I know that there have been several times in my marriage that I have been more like rust to my husband and the corrosion has eaten away at our marriage. Thankfully, I have a Heavenly Father that has been able to change my heart towards this man HE has brought into my life, and has had to use some really strong stuff to get rid of the rust that I have spread.
Part of what HE has used has been Humility. HE has had to break my pride and show me that my way is NOT always the right way........big surprise, I know...but true! In James chapter 4:6 says "God opposes the proud but gives grace to the humble." I don't know about you but I certainly don't want God on the opposite side of me, especially when it comes to my marriage!
Another verse that HE uses to help teach me to not even start with the "rust" is Proverbs 31:12, and it says "She brings him good and not harm all the days of her life." This tells me to keep a close watch on the attitude of my heart and what I say and do BEFORE I say and do it. Have you ever heard of Rust-Oleum? It is rust-preventative paint. I guess you would call this verse our "Spiritual Rust-Oleum".

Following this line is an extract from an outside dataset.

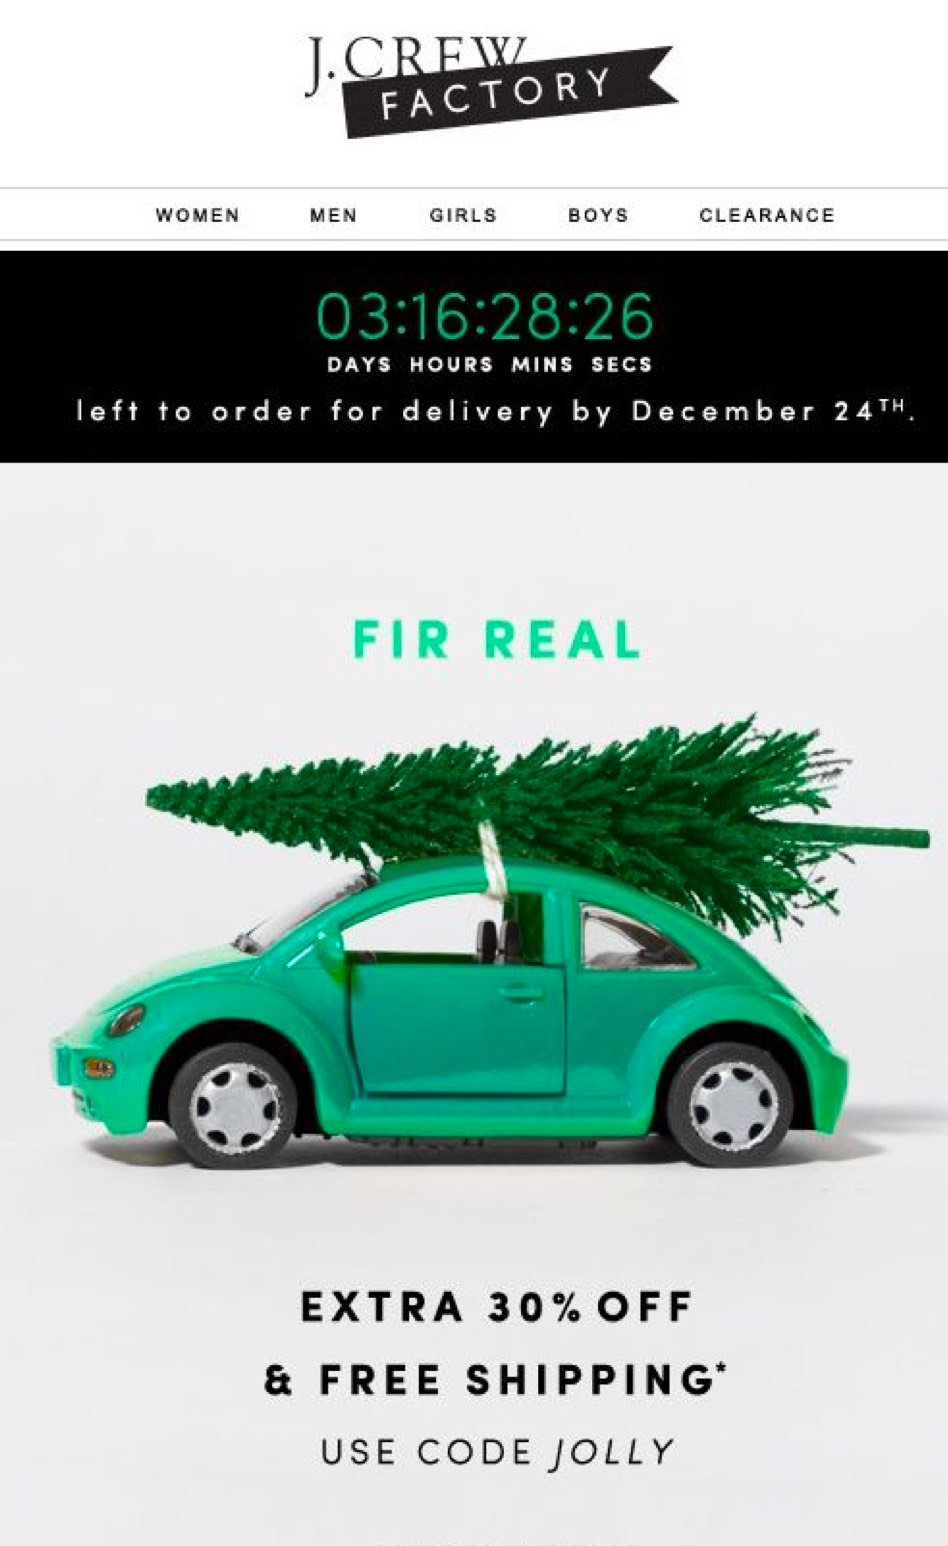 J. Crew Christmas newsletter example mint car carrying a pine tree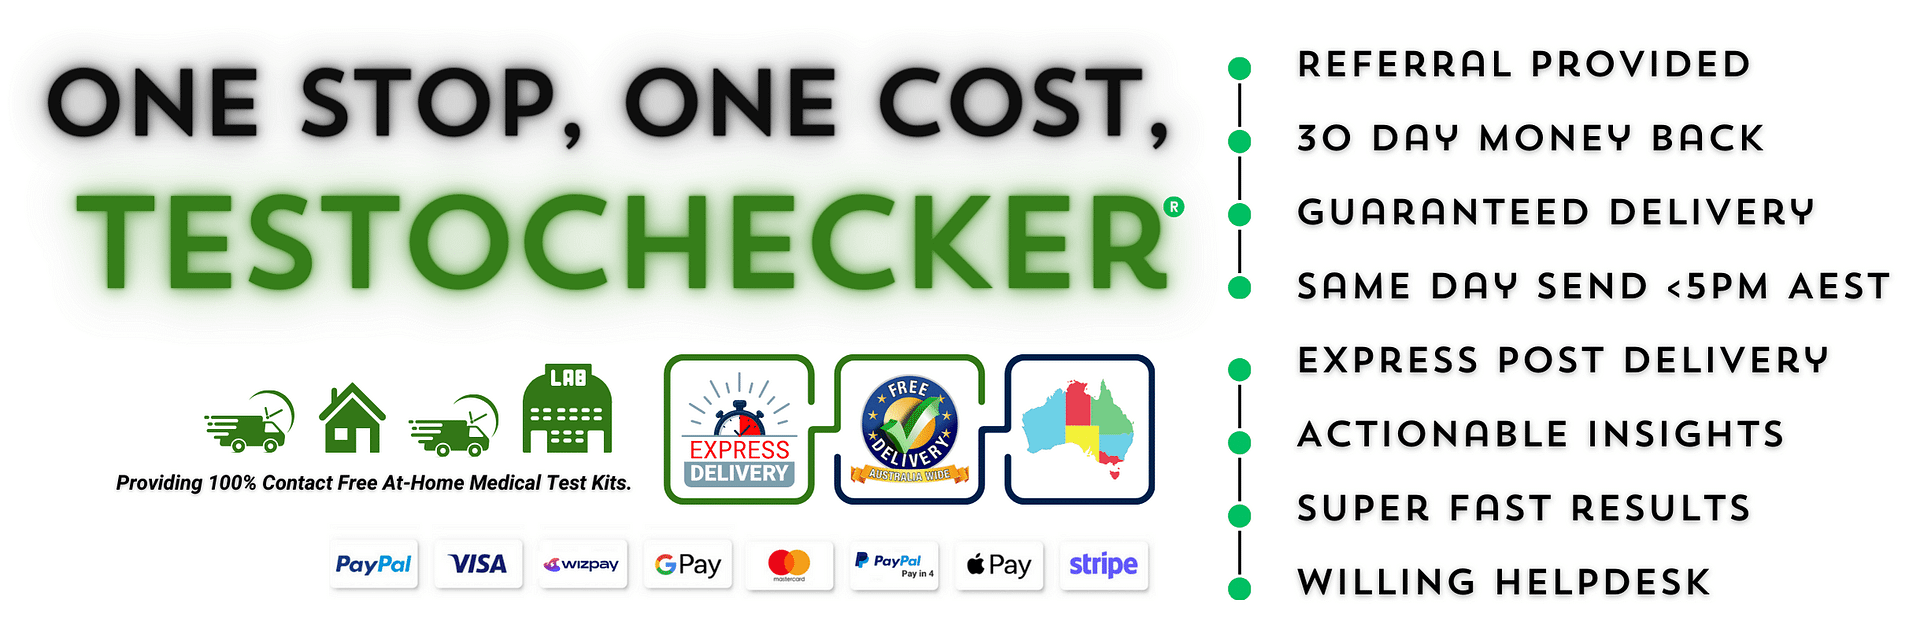 one stop one cost at testochecker in Australia.

Ladies, I know this is not easy and I certainly do NOT have this one down! But it is a command, and in Ephesians 5:33 that says " the wife MUST respect her husband." Remember God's ways are not our ways, and HIS thoughts are not our thoughts AND HE has never been wrong! So, maybe there is something to this respect thing. I do know for a fact that when Ron feels respected by me the love that comes from him is amazing!!
I remember when I was praying for a husband and I remember that one thing I prayed for was a man that would not only stand up for me but also one that would stand up to me. Because believe it or not, I like a big strong man to take care of and protect me and our family, and I have a feeling deep down inside you do too!